Court Opinion

ID: 3074180
Source: CourtListenerOpinion
Date Created: 2015-10-16 00:59:53.893713+00
Date Added: 2024-06-11T12:53:29.620889
License: Public Domain

Opinion issued May 19, 2015

                                      In The

                               Court of Appeals
                                      For The

                          First District of Texas
                            ————————————
                               NO. 01-14-00154-CR
                            ———————————
             SHERACASHA LYEADEE DARTHARD, Appellant
                                         V.
                       THE STATE OF TEXAS, Appellee

                    On Appeal from the 176th District Court
                            Harris County, Texas
                        Trial Court Case No. 1341688

                          MEMORANDUM OPINION

      Pursuant to an agreement with the State, appellant, Sheracasha Lyeadee

Darthard, pleaded guilty to the offense of murder.1 The trial court accepted the plea

1
      See TEX. PENAL CODE ANN. § 19.02 (Vernon 2011).
agreement, assessed appellant’s punishment at confinement for forty-five years,

and certified that this is a plea-bargained case and she has no right of appeal.

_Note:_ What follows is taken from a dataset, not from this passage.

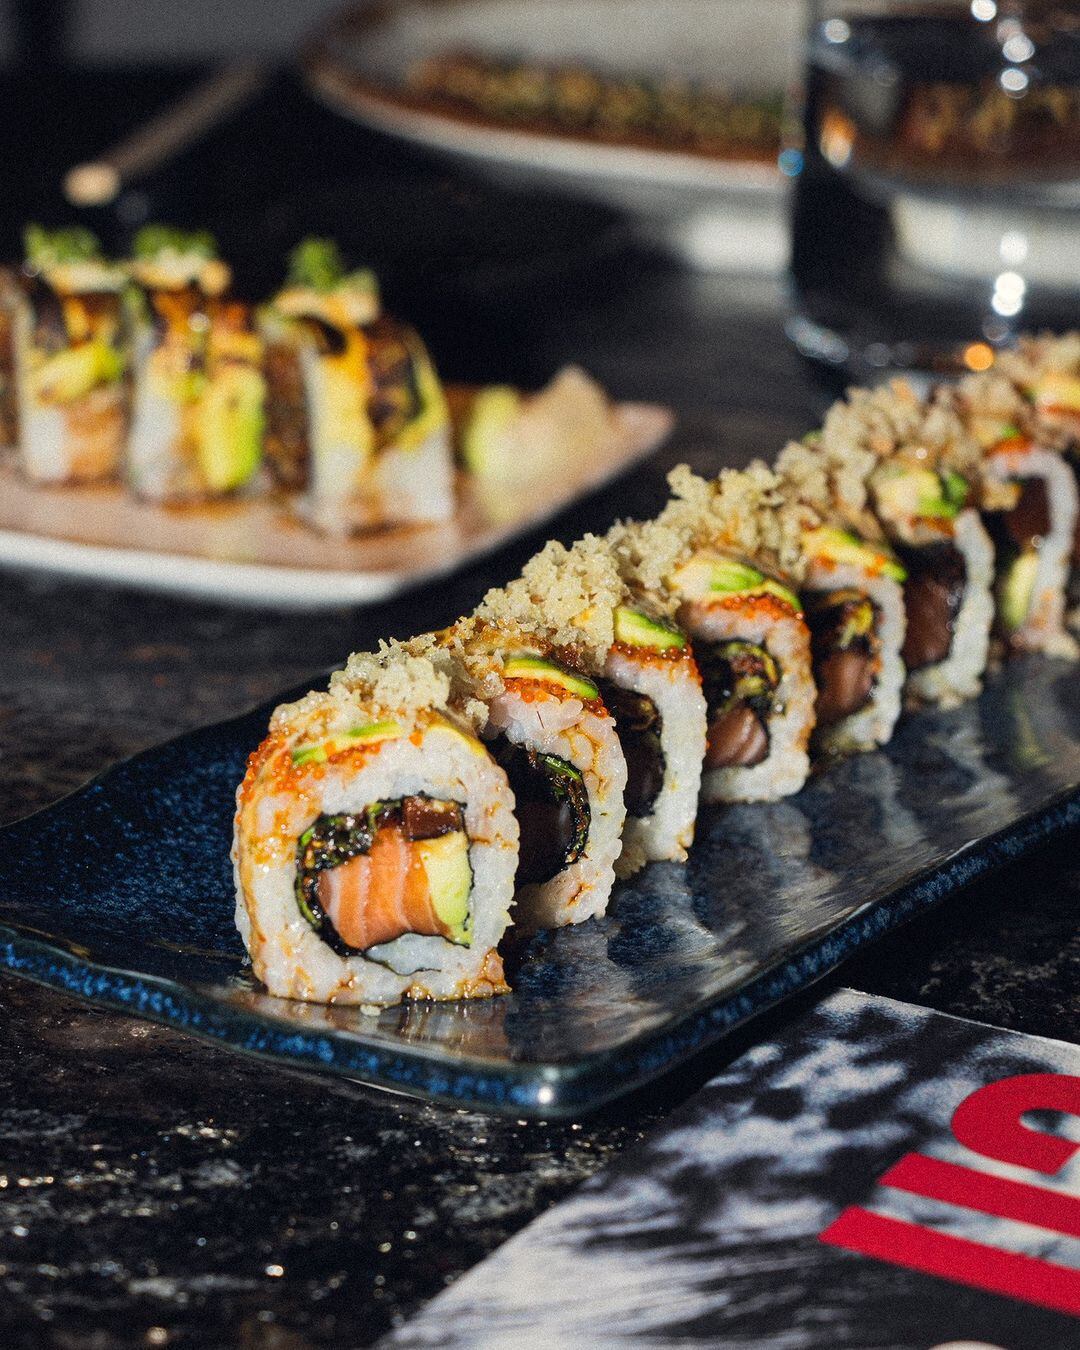 El sushi es un alimento popular en todo el mundo. (Foto: Instagram / senoratanakamx).
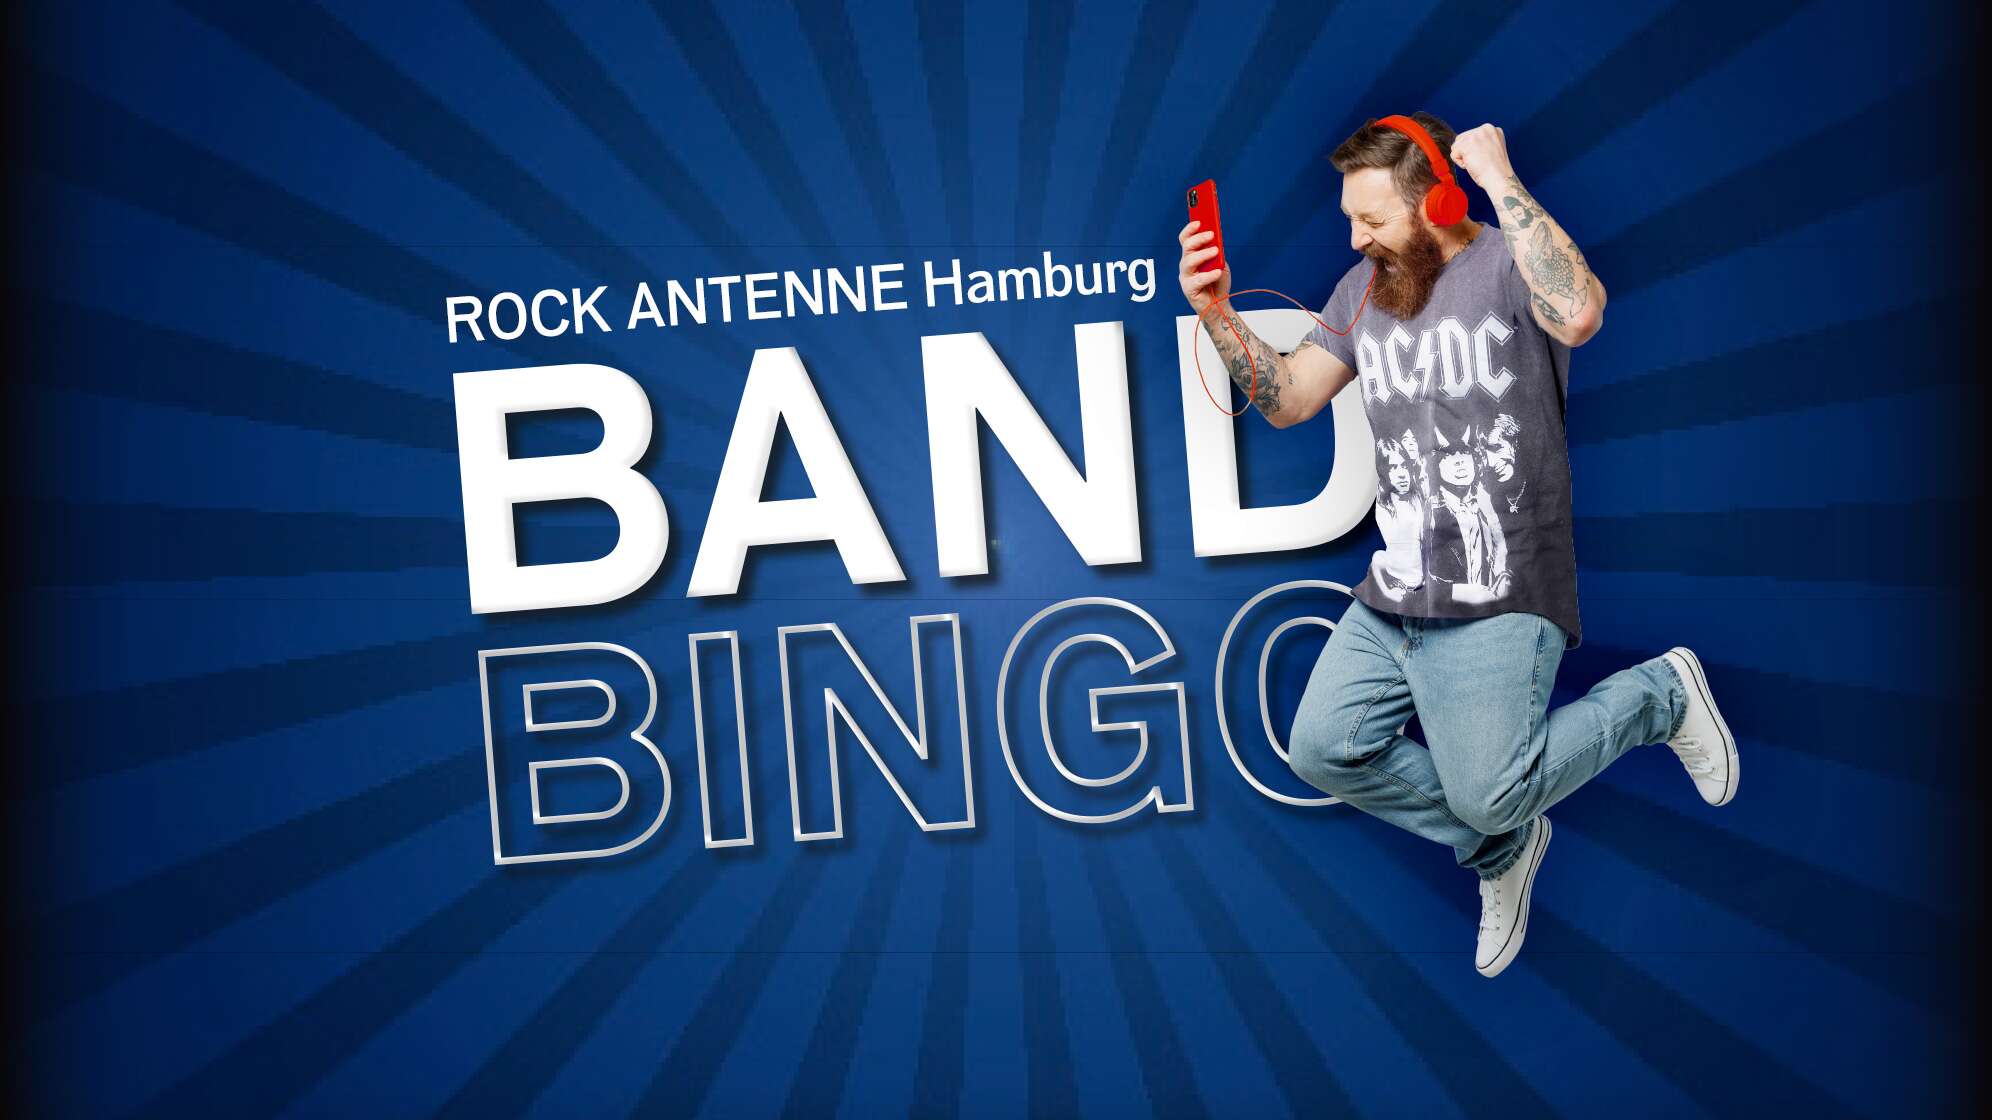 Ein jubelnder Mann mit AC/DC Shirt, Kopfhörern und Smartphone und dazu der Text "ROCK ANTENNE Hamburg Band Bingo"

Appellant filed a pro se notice of appeal. We dismiss the appeal.

      In a plea-bargained case, a defendant may appeal only those matters that

were raised by written motion and ruled on before trial or after obtaining the trial

court’s permission to appeal. TEX. CODE CRIM. PROC. ANN. art. 44.02 (Vernon

2006); TEX. R. APP. P. 25.2(a)(2). An appeal must be dismissed if a certification

showing that the defendant has a right of appeal has not been made part of the

record. TEX. R. APP. P. 25.2(d).

      Here, the trial court’s certification is included in the record and states that

this is a plea-bargained case and appellant has no right of appeal. See TEX. R. APP.

P. 25.2(a)(2). The record supports the trial court’s certification. See Dears v. State,

154 S.W.3d 610, 615 (Tex. Crim. App. 2005). Appellant’s notice of appeal

suggests that the basis of her appeal is that her guilty plea was not voluntary.

Appellant, however, cannot raise the voluntariness of her plea as an issue on direct

appeal. See TEX. CODE CRIM. PROC. ANN. art. 44.02 (Vernon 2006); Woods v.

State¸ 108 S.W.3d 314, 316 & n.6 (Tex. Crim. App. 2003); Cooper v. State, 45
S.W.3d 77, 77-82 (Tex. Crim. App. 2001). Because appellant has no right of

appeal, we must dismiss this appeal. See Chavez v. State, 183 S.W.3d 675, 680

(Tex. Crim. App. 2006) (“A court of appeals, while having jurisdiction to ascertain

                                          2
whether an appellant who plea-bargained is permitted to appeal by Rule 25.2(a)(2),

must dismiss a prohibited appeal without further action, regardless of the basis for

the appeal.”).

      Accordingly, we dismiss the appeal for want of jurisdiction. We dismiss all

pending motions as moot.

                                 PER CURIAM

Panel consists of Justices Jennings, Bland, and Brown.

Do not publish. TEX. R. APP. P. 47.2(b).